• Task requirements
With the pictures left out, reproduce exactly the lines running from the line with "Contemporary and elegant" to the last line of the material below.

• Information shown

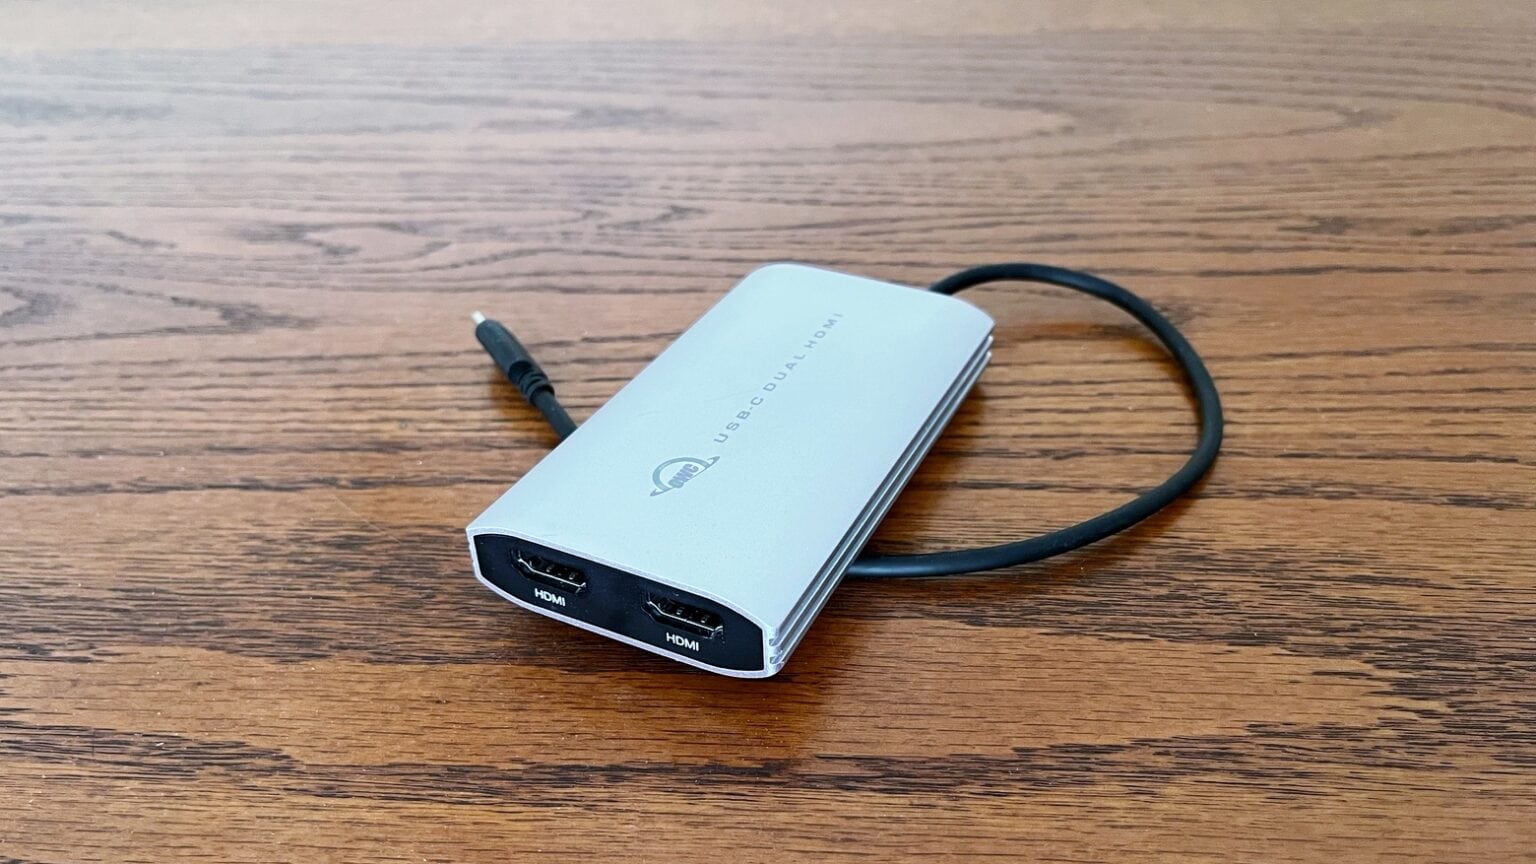 OWC USB-C Dual HDMI 4K Display Adapter with DisplayLink review
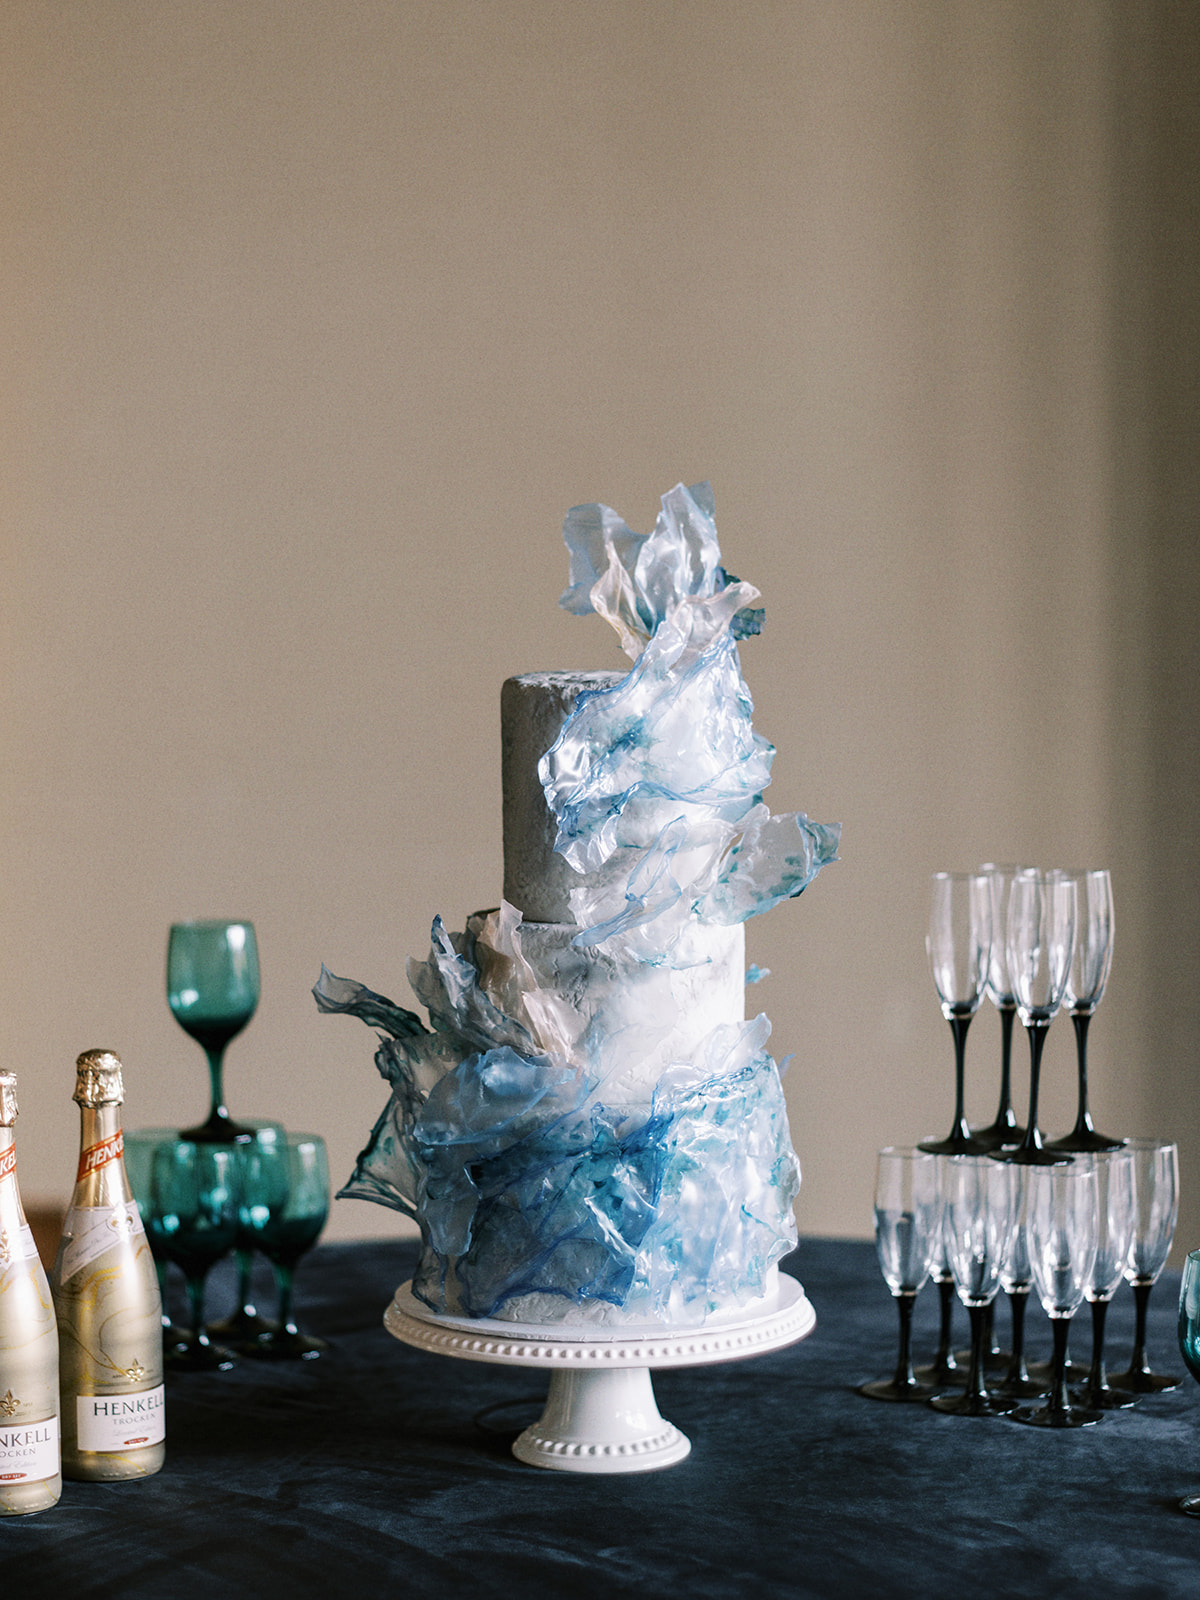 Contemporary and elegant cool-toned wedding cake by Bake My Day at The Malcolm Hotel featuring Mediterranean-inspired decor in oceanic colour palette. 
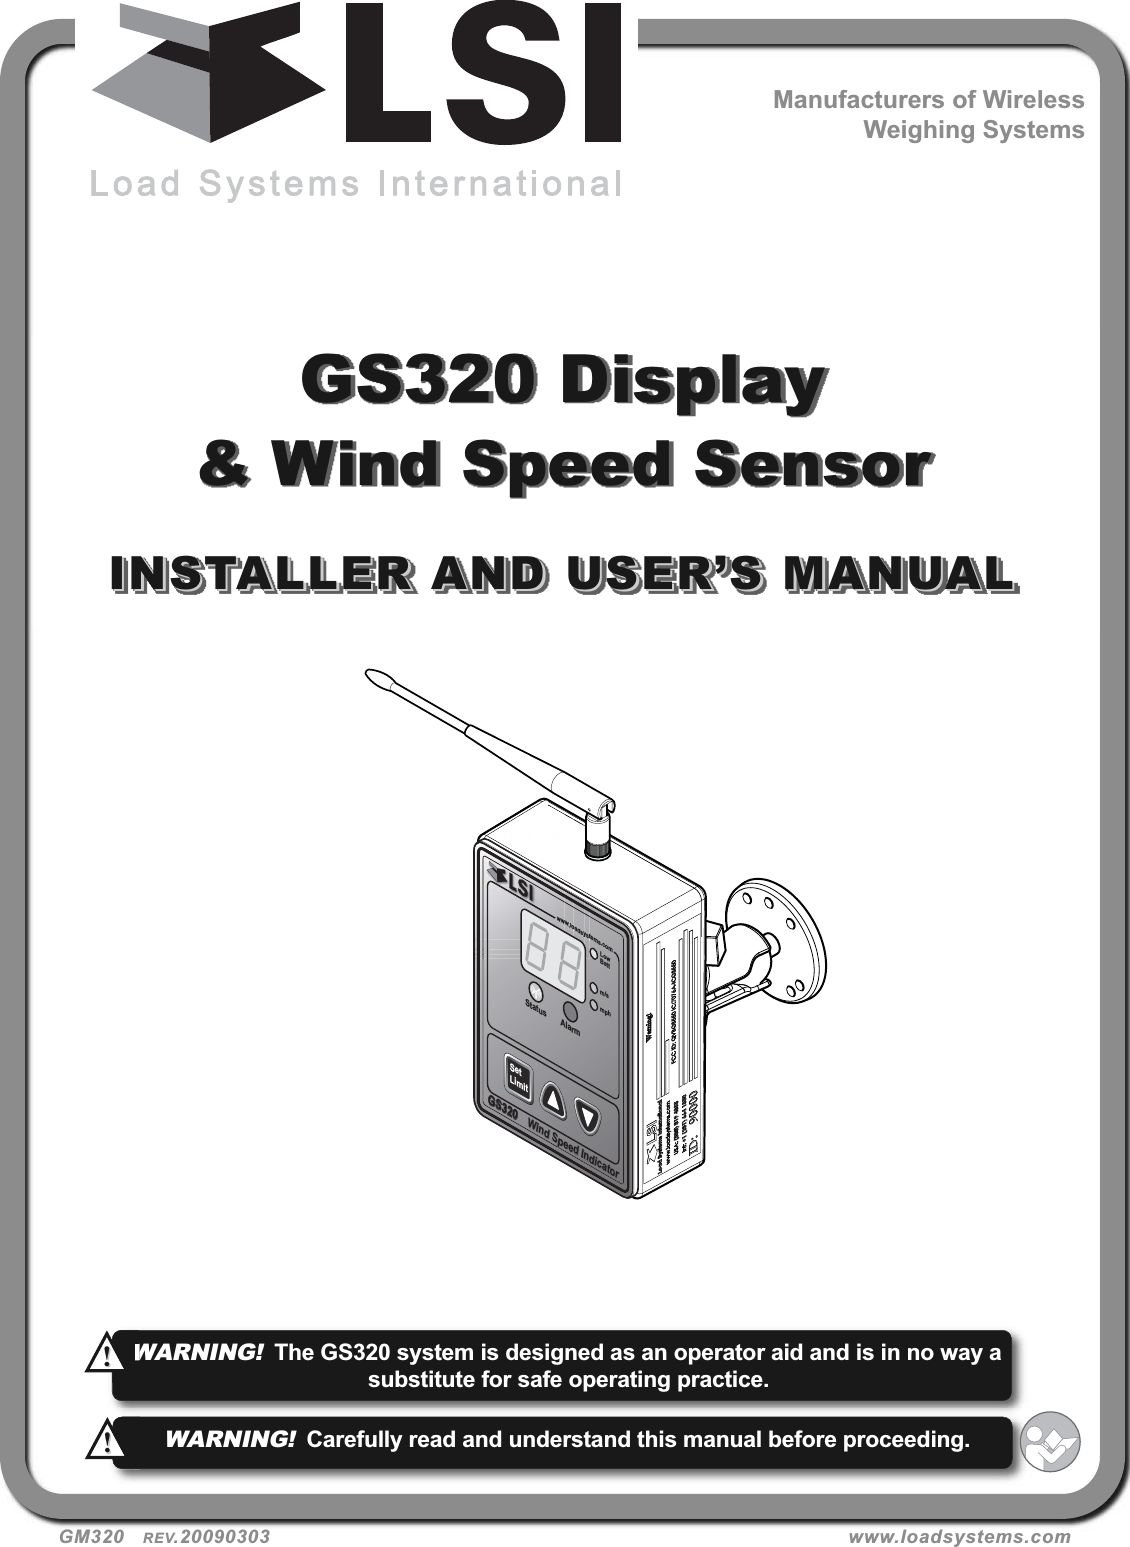 www.loadsystems.comystoadsyww.lowwGS320Wind Speed IndicatorGS320GS320Wind Speed Indicatormphm/sStatus AlarmLowBattSetLimitGS320 Display&amp; Wind Speed SensorINSTALLER AND USER’S MANUALINSTALLER AND USER’S MANUALGM320   REV.20090303 www.loadsystems.comManufacturers of WirelessWeighing SystemsWARNING!The GS320 system is designed as an operator aid and is in no way asubstitute for safe operating practice.!!WARNING!Carefully read and understand this manual before proceeding.!!

• Exercise response
 Contemporary and elegant cool-toned wedding cake by Bake My Day at The Malcolm Hotel featuring Mediterranean-inspired decor in oceanic colour palette. 
 www.loadsystems.comystoadsyww.lowwGS320Wind Speed IndicatorGS320GS320Wind Speed Indicatormphm/sStatus AlarmLowBattSetLimitGS320 Display&amp; Wind Speed SensorINSTALLER AND USER’S MANUALINSTALLER AND USER’S MANUALGM320   REV.20090303 www.loadsystems.comManufacturers of WirelessWeighing SystemsWARNING!The GS320 system is designed as an operator aid and is in no way asubstitute for safe operating practice.!!WARNING!Carefully read and understand this manual before proceeding.!!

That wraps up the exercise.